--- Available data Enclosed Below ---

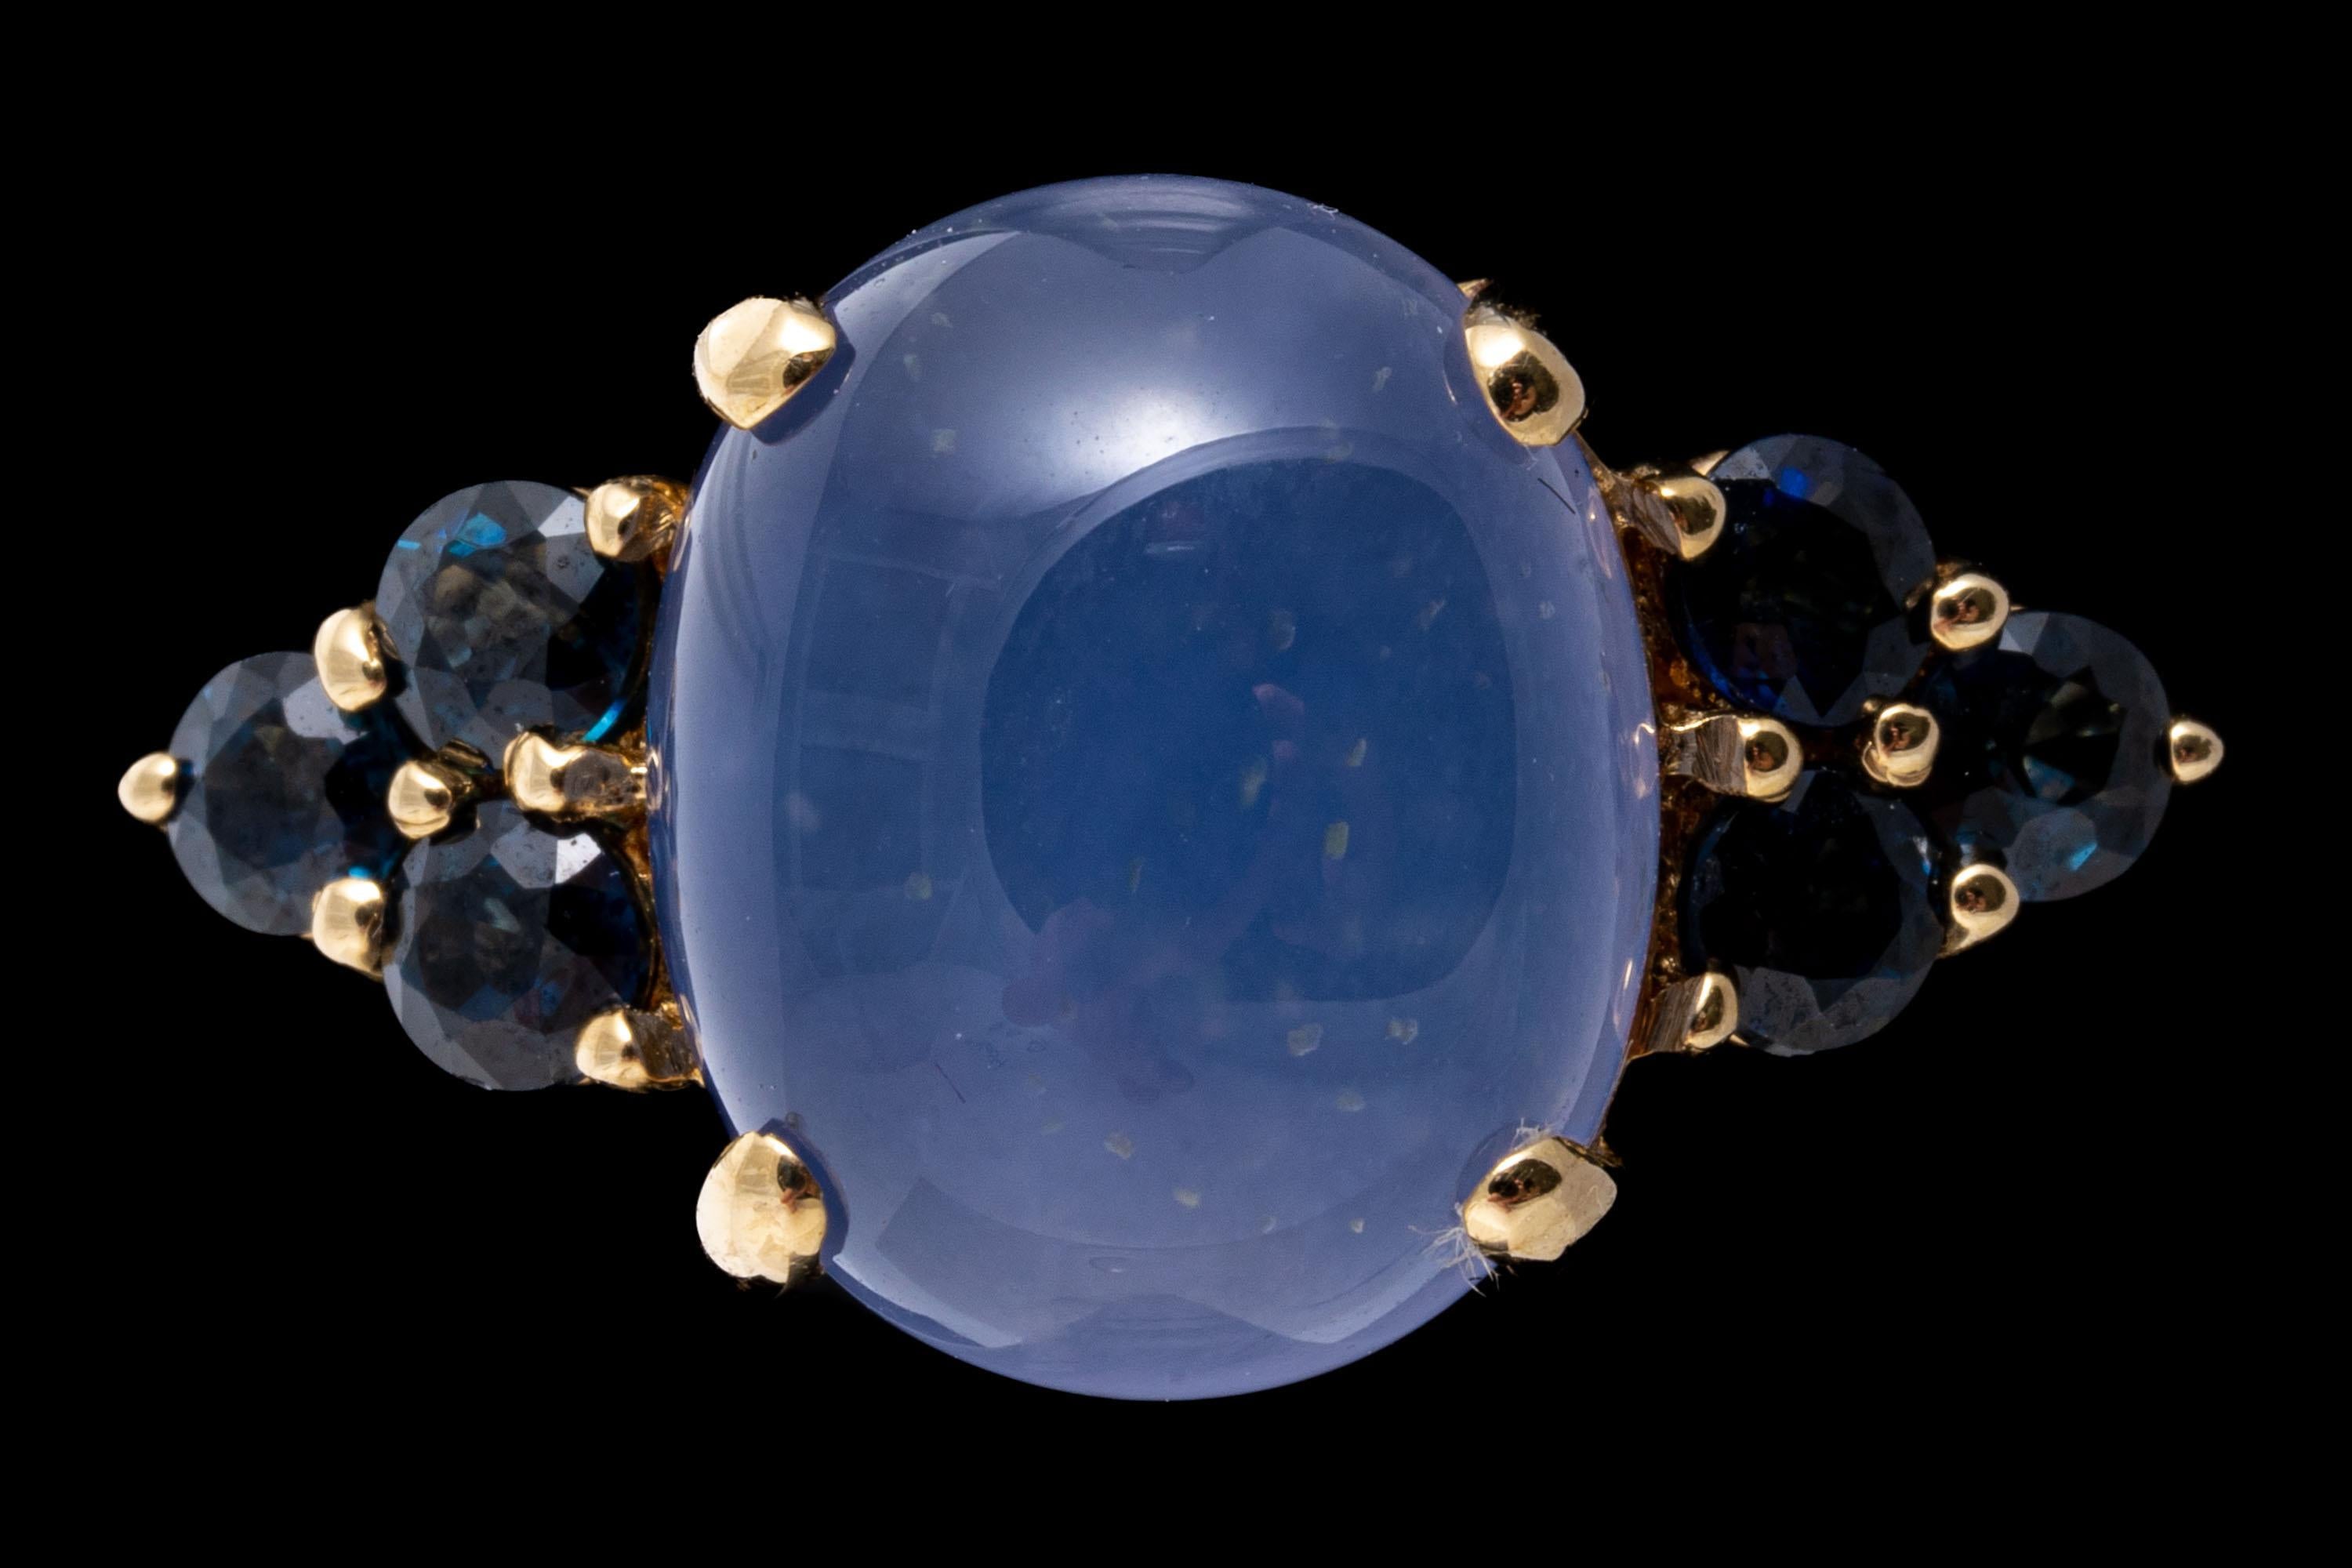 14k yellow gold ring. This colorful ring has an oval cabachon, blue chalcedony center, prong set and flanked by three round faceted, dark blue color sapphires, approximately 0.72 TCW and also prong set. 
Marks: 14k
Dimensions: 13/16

--- End of Enclosed Available data ---

§ Your task: An exact copy of all the data above is required; omit any pictures.

§ Response to this task:
 14k yellow gold ring. This colorful ring has an oval cabachon, blue chalcedony center, prong set and flanked by three round faceted, dark blue color sapphires, approximately 0.72 TCW and also prong set. 
Marks: 14k
Dimensions: 13/16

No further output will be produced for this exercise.